Exercise prompt =
No image is to be carried over; reproduce the rest of the listing word for word.

═══ Given material

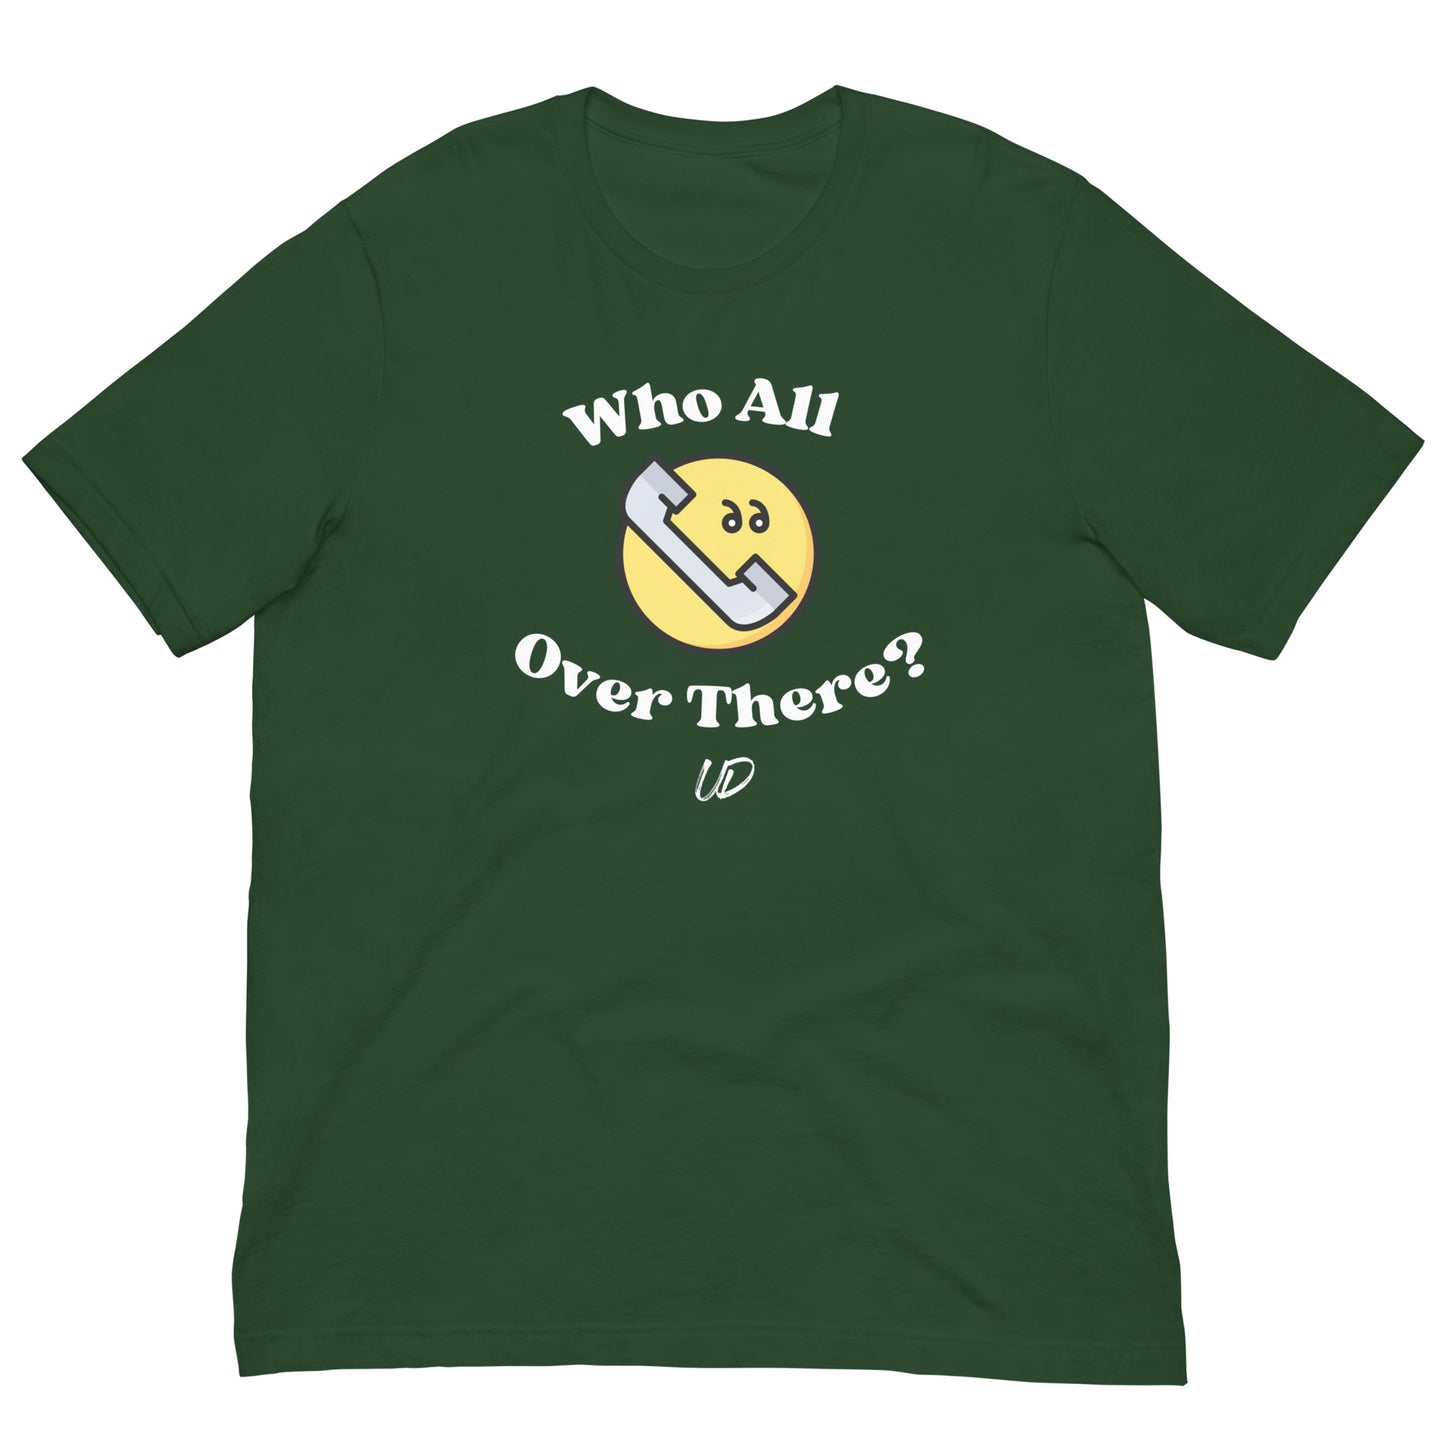 Who All Over There T-Shirt
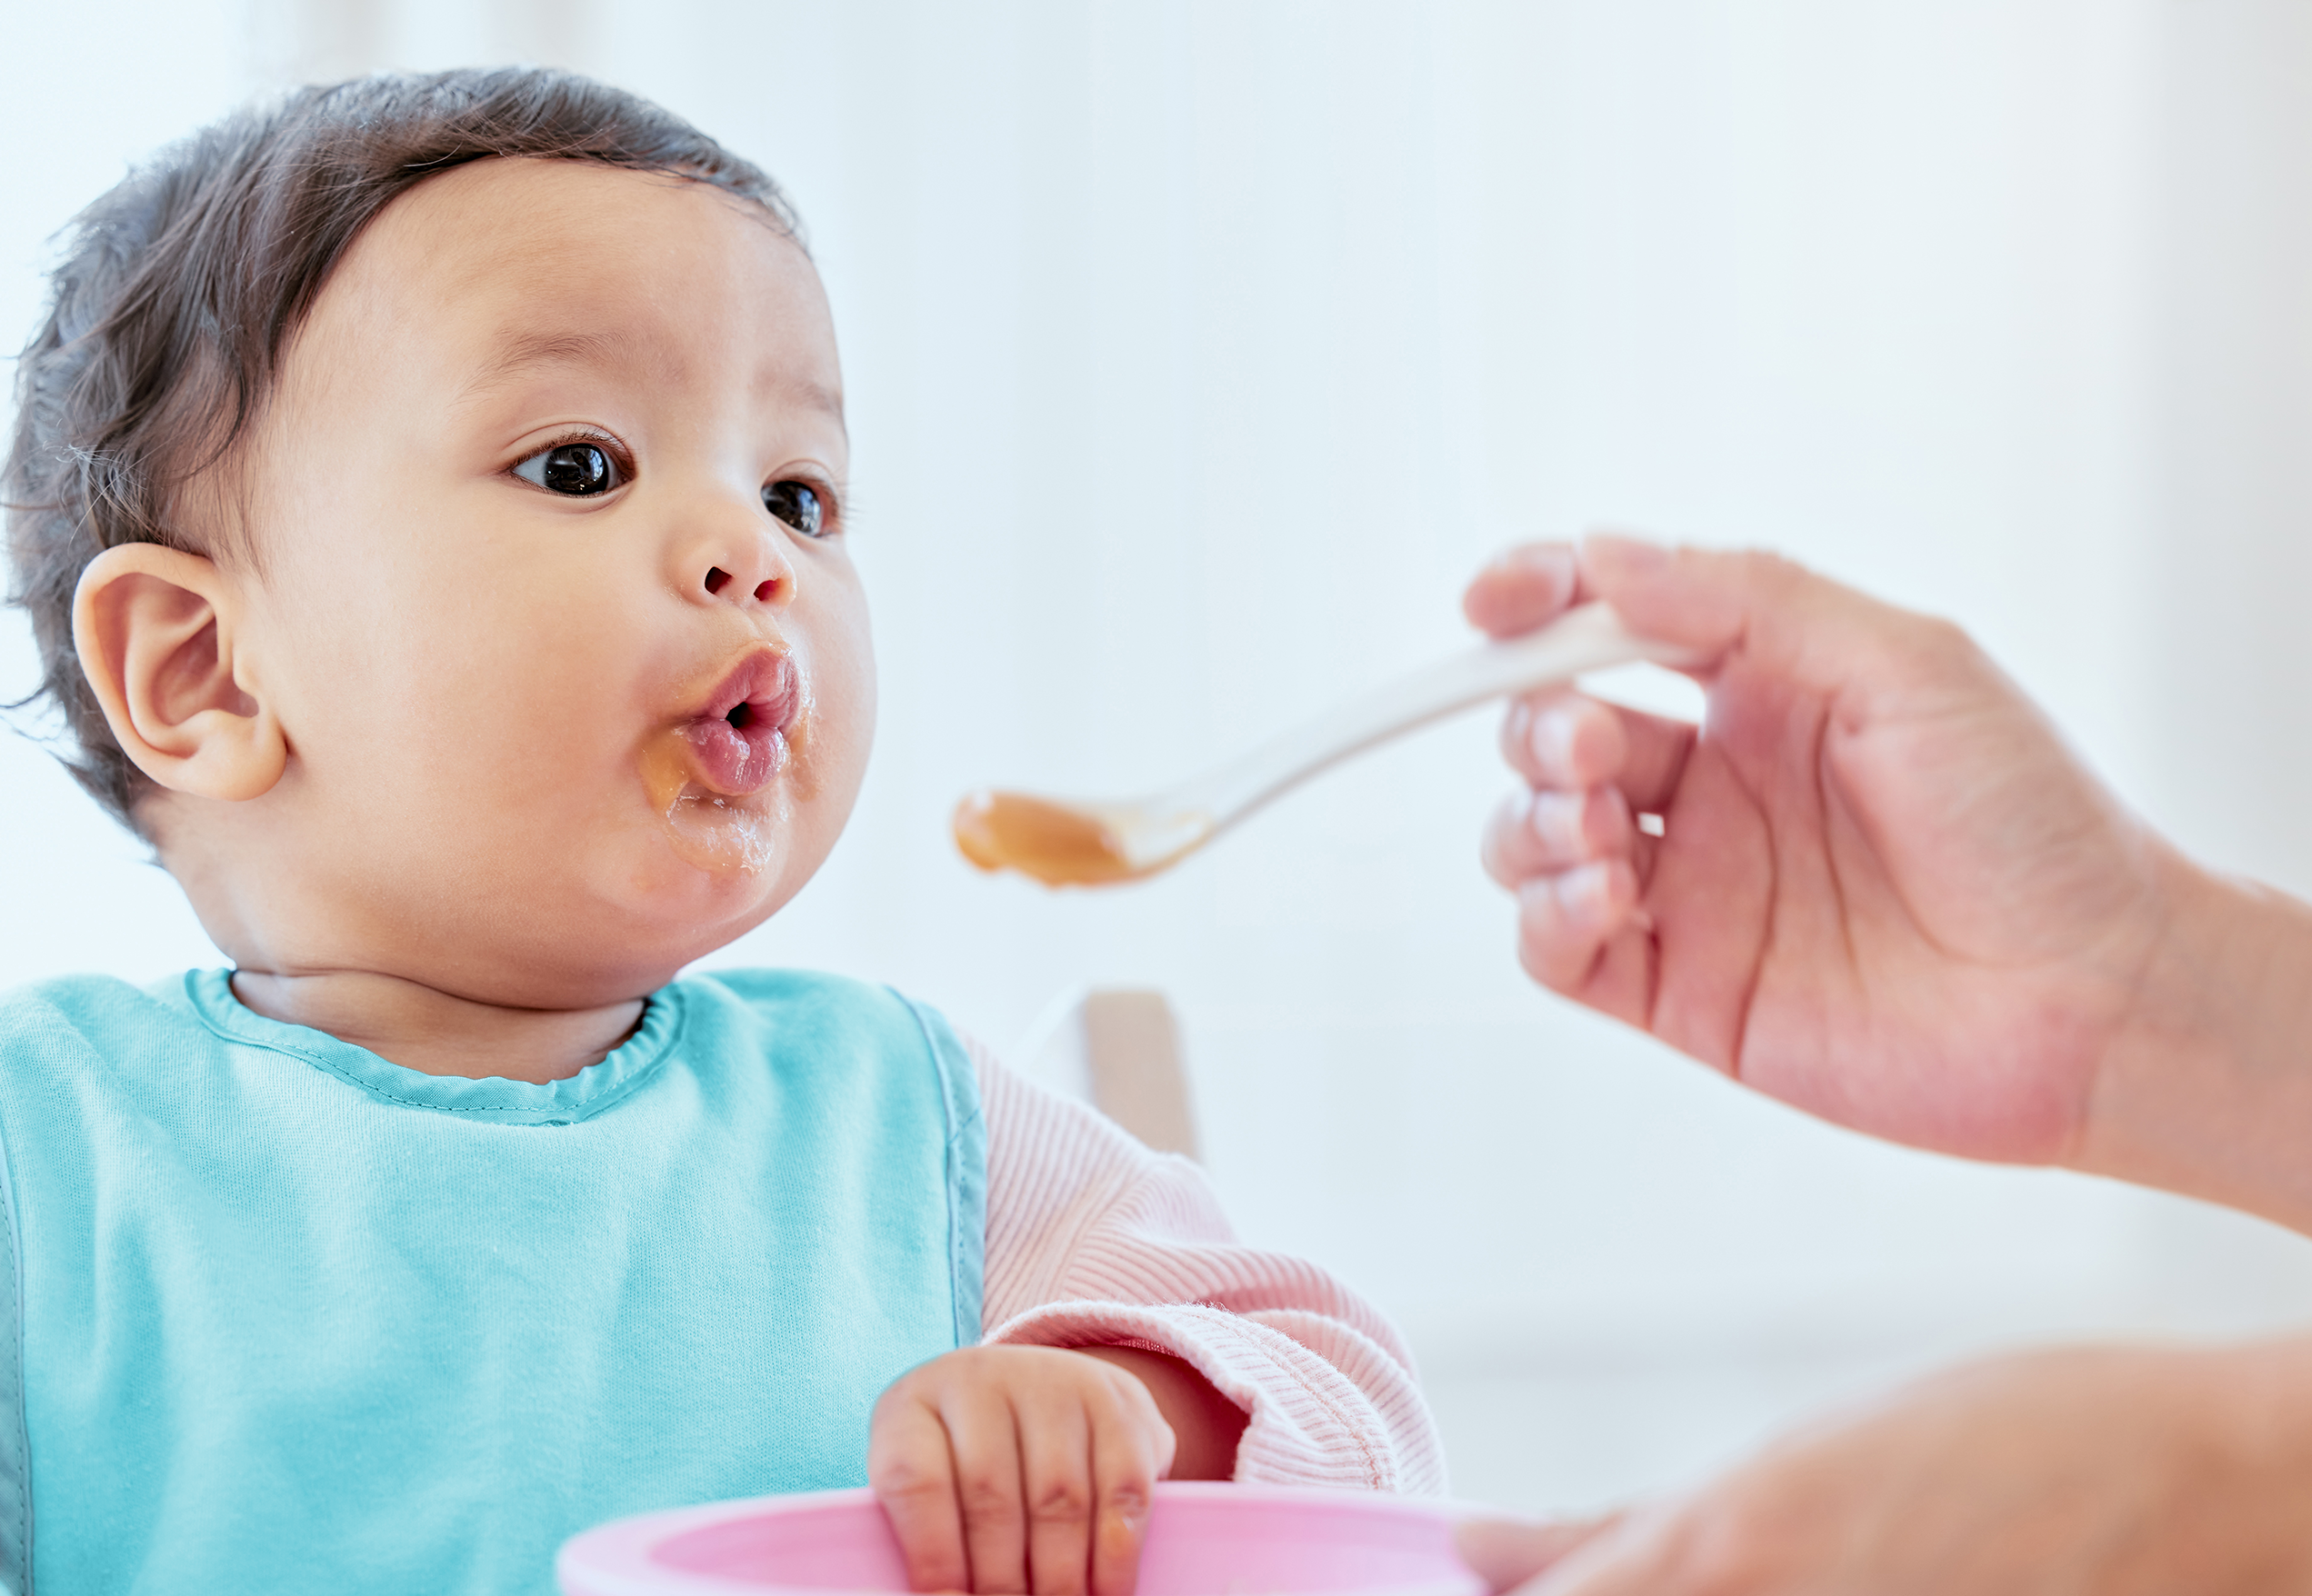 Baby food. A parent feeds an infant pureed baby food.
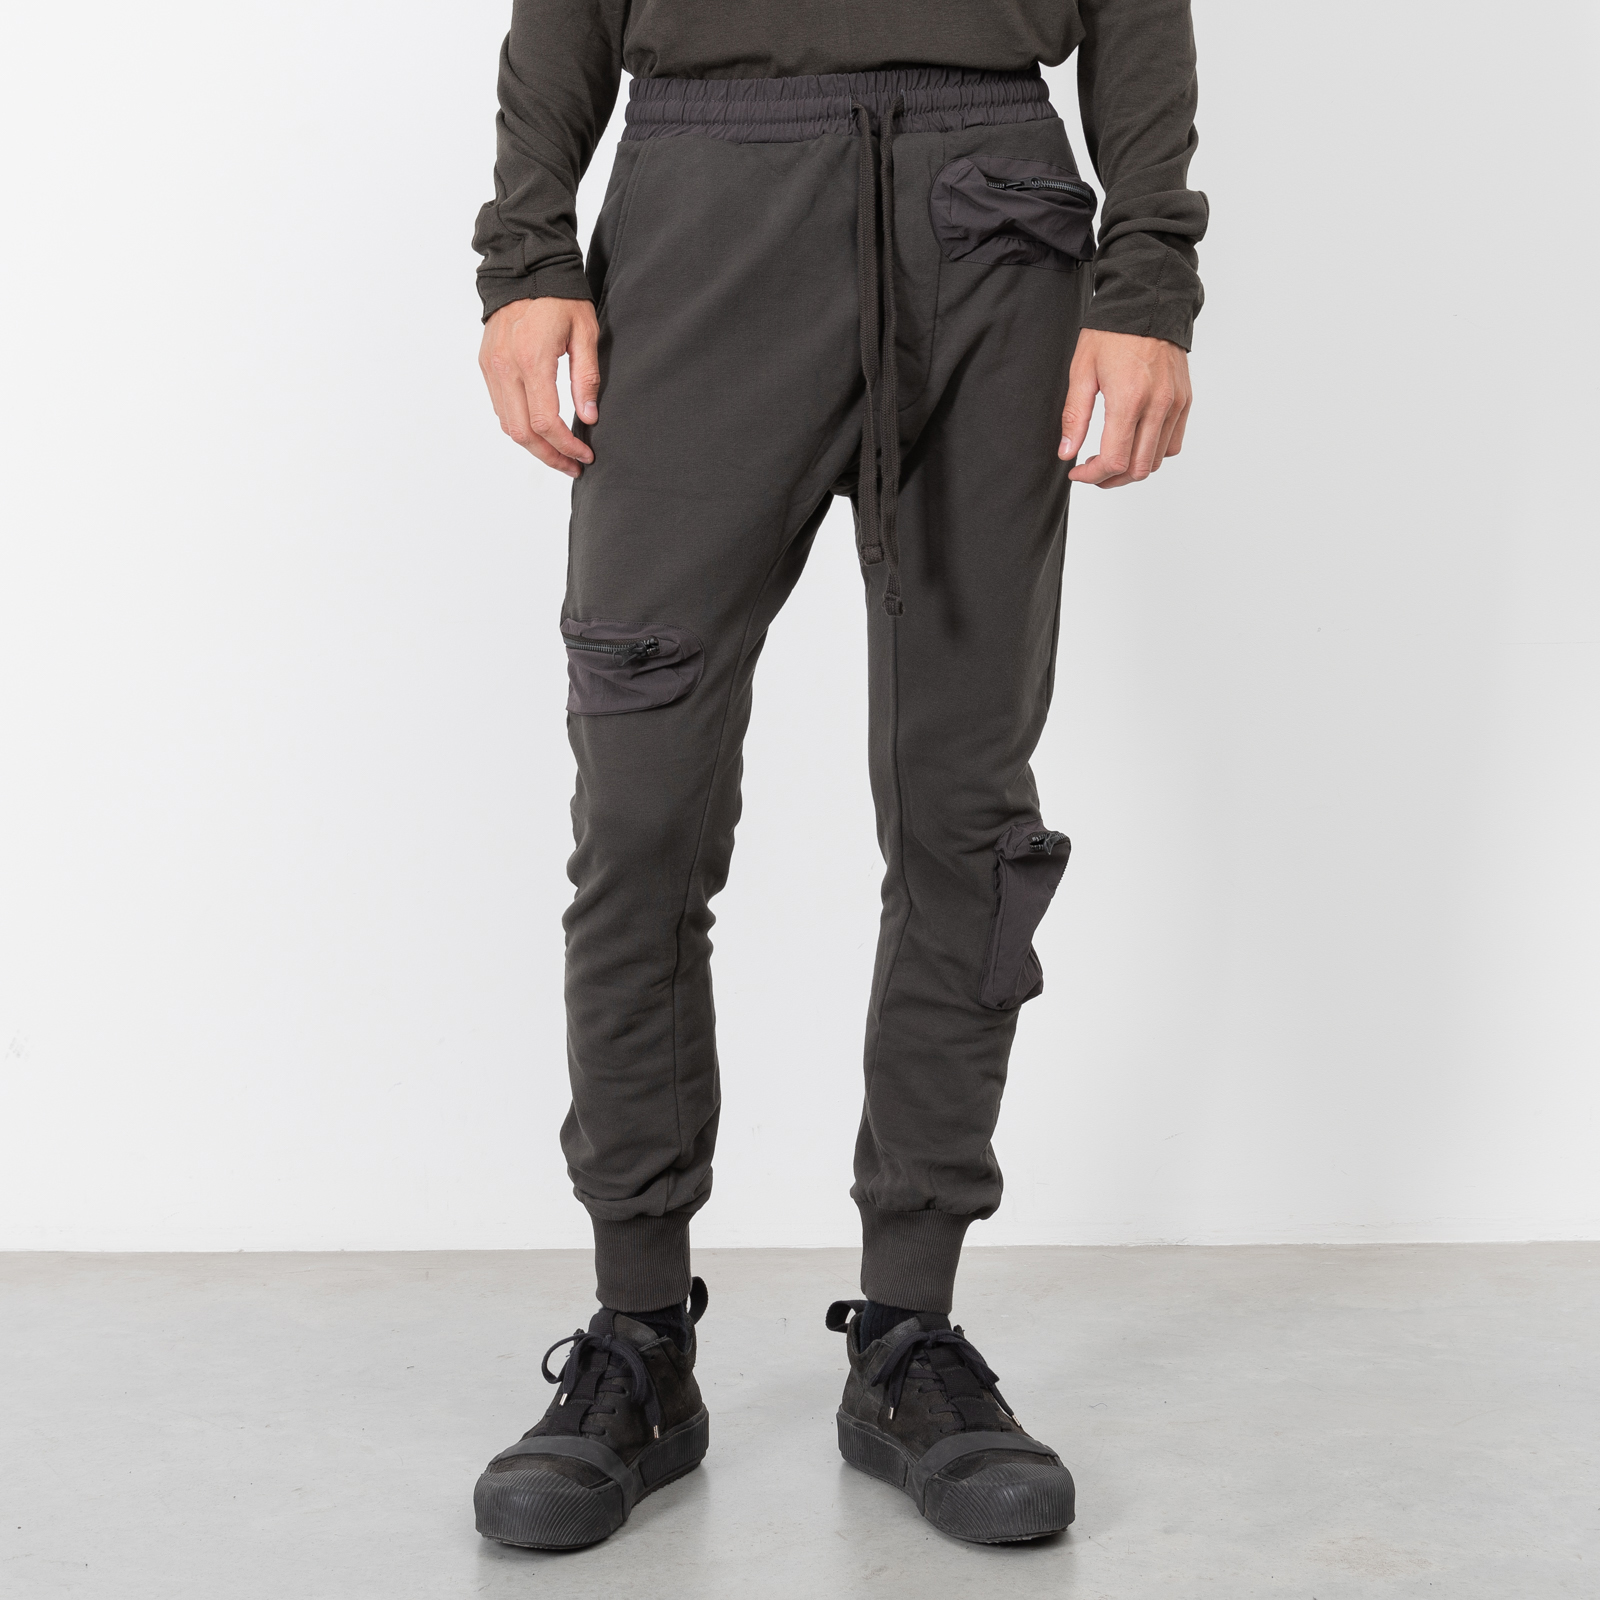 BROWN UTILITY JERSEY PANTS|wolfensson

══════

Task answer =
 Who All Over There T-Shirt
 Baby food. A parent feeds an infant pureed baby food.
 BROWN UTILITY JERSEY PANTS|wolfensson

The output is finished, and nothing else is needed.